后训练分为监督微调(SFT)和强化学习(RL),其中 TRIO 执行 SFT 的逻辑如下:

TRIO 执行 RL 的逻辑如下:

如果我们抽象出共性,会发现数据处理(Datum)、前后反向计算(forward_backward)以及权重更新(optim_step)总是必不可少,接下来让我们详细拆解一下这三个模块,以及在 SFT 和 RL 中如何使用它们。

数据处理(Datum)

在将数据集传入LLM和损失函数之前,我们需要对它们进行处理。

Datum 是一个用于处理训练数据的封装,你需要将数据转换为Datum才能输入到forward_backward。它包含两部分:

  • model_input:提供给损失函数的 tokens
  • loss_fn_inputs:提供给损失函数的参数。不同的后训练任务需要不同的参数:
    • 对于 SFT损失函数(cross_entropy) ,你需要输入:

      • weights:每token损失权重,是一个由 0 和 1 组成的列表(0 = ignore,1 = compute loss),往往prompt的部分为0,output的部分为1
      • target_tokens:tokens 向右移一位,往往是 tokens[1:]
      datum = trio.Datum(
          model_input=trio.ModelInput.from_ints(tokens=input_tokens),
          loss_fn_inputs=dict(
              weights=weights,           
              target_tokens=target_tokens,
          )
      )
    • 对于 RL损失函数(importance_sampling、ppo),除了weightstarget_tokens,还需要输入参数:

      • logprobs:从rollout中拿到的sampling logprobs
      • advantages:奖励优势值
      rl_datum = trio.Datum(
          model_input=trio.ModelInput.from_ints(tokens=input_tokens),
          loss_fn_inputs=dict(
              weights=weights,
              target_tokens=target_tokens,
              logprobs=sampling_logprobs,
              advantages=advantages,
          )
      )

理解概念以后,我们来个更接近实际的例子。假如我们有一个数据集,想做 SFT 任务,组 Datum 的流程如下:

  1. 准备一个数据集:
examples = [
    {"input": "1+1", "output": "2"},
    {"input": "1+2", "output": "3"},
    {"input": "2*3", "output": "6"},
]
  1. 将数据集的每条数据转换为对应的input_tokenstarget_tokensweights,输入到Datum中,最后得到一个Datum组成的数据集processed_examples
def process_example(example, tokenizer):
    prompt = f"Formula: {example['input']}\nAnswer:"
    
    prompt_tokens = tokenizer.encode(prompt, add_special_tokens=True)
    prompt_weights = [0] * len(prompt_tokens)
    completion_tokens = tokenizer.encode(f" {example['output']}\n\n", add_special_tokens=False)
    completion_weights = [1] * len(completion_tokens)
    
    tokens = prompt_tokens + completion_tokens
    weights = prompt_weights + completion_weights
    
    
    input_tokens = tokens[:-1]
    target_tokens = tokens[1:]
    weights = weights[1:]
    
    return trio.Datum(
        model_input=trio.ModelInput.from_ints(tokens=input_tokens),  
        loss_fn_inputs=dict(weights=weights, target_tokens=target_tokens) 
    )

processed_examples = [process_example(ex, tokenizer) for ex in examples]
  1. 最后,将processed_examples传到training_clientforward_backward中,即可开启训练:
import numpy as np

for _ in range(6):
    fwdbwd_future = training_client.forward_backward(processed_examples, "cross_entropy")
    optim_future = training_client.optim_step(trio.AdamParams(learning_rate=1e-4))
    ...

计算积累梯度(forward_backward)

处理好数据集后,我们需要将Datum传入forward_backward计算积累梯度。

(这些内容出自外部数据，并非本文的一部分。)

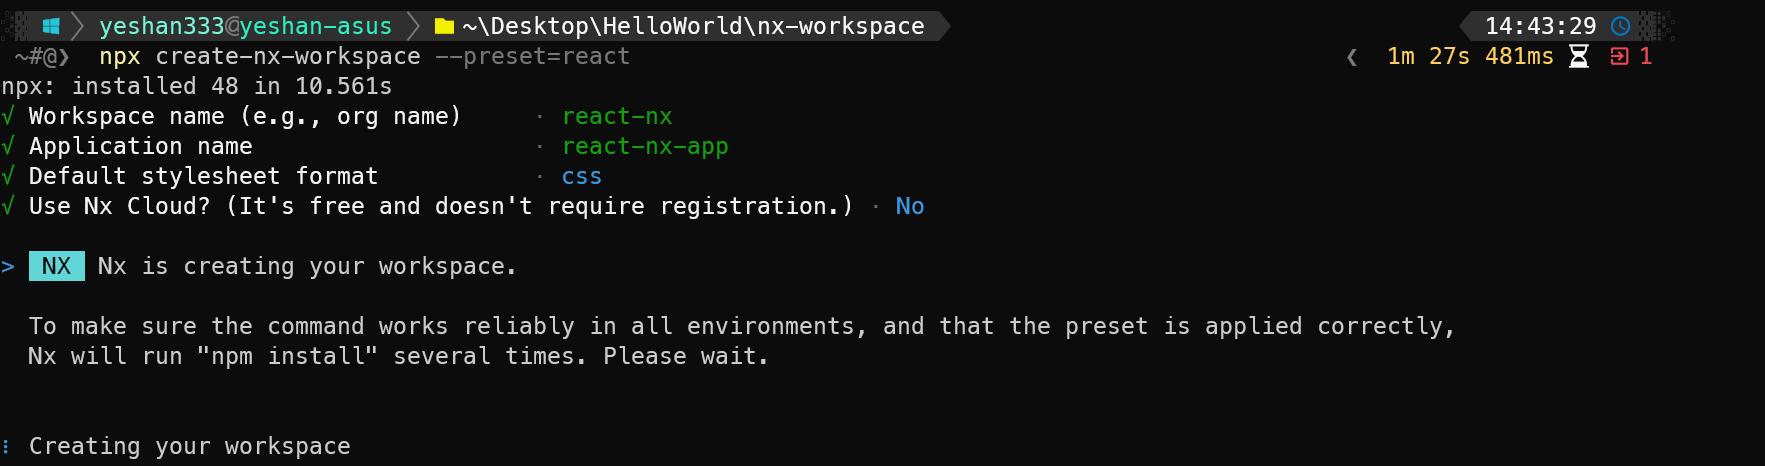 Nx create project

forward_backward正如它的名字一样,数据将经过LLM做一次前向传播(forward),再将前向结果、目标值与损失函数做一次反向传播(backward),从而得到更新权重所需的梯度。

forward_backward需要2个参数:

  • dataDatum组成的列表,每个元素都包含 input tokens 和 损失函数参数
  • loss_fn:计算梯度使用的损失函数,可以是 cross_entropyimportance_samplingppo 这种内置函数,也可以是自定义函数。具体数学定义可见 损失函数
fwdbwd_future = training_client.forward_backward(
    data=[datum],
    loss_fn="cross_entropy"
)
fwdbwd_future = fwdbwd_future.result()

每次计算的返回值中包含:

  1. loss_fn_outputs:每条样本的 logprobselementwise_loss
  2. metrics:计算得到的指标,比如损失值 loss:sum
  3. elapsed_time:处理耗时,单位为毫秒
fwdbwd_result.loss_fn_outputs
# [{'logprobs':..., 'elementwise_loss':...}, ...]

fwdbwd_result.metrics
# {'loss:sum': ...}

fwdbwd_result.elapsed_time
# 460.0

如果想要计算 per token loss,可以通过metrics

loss_sum = fwdbwd_result.metrics['loss:sum']
weights = np.concatenate([example.loss_fn_inputs['weights'].tolist() for example in processed_examples])
print(f"Loss: {loss_sum / weights.sum():.4f}")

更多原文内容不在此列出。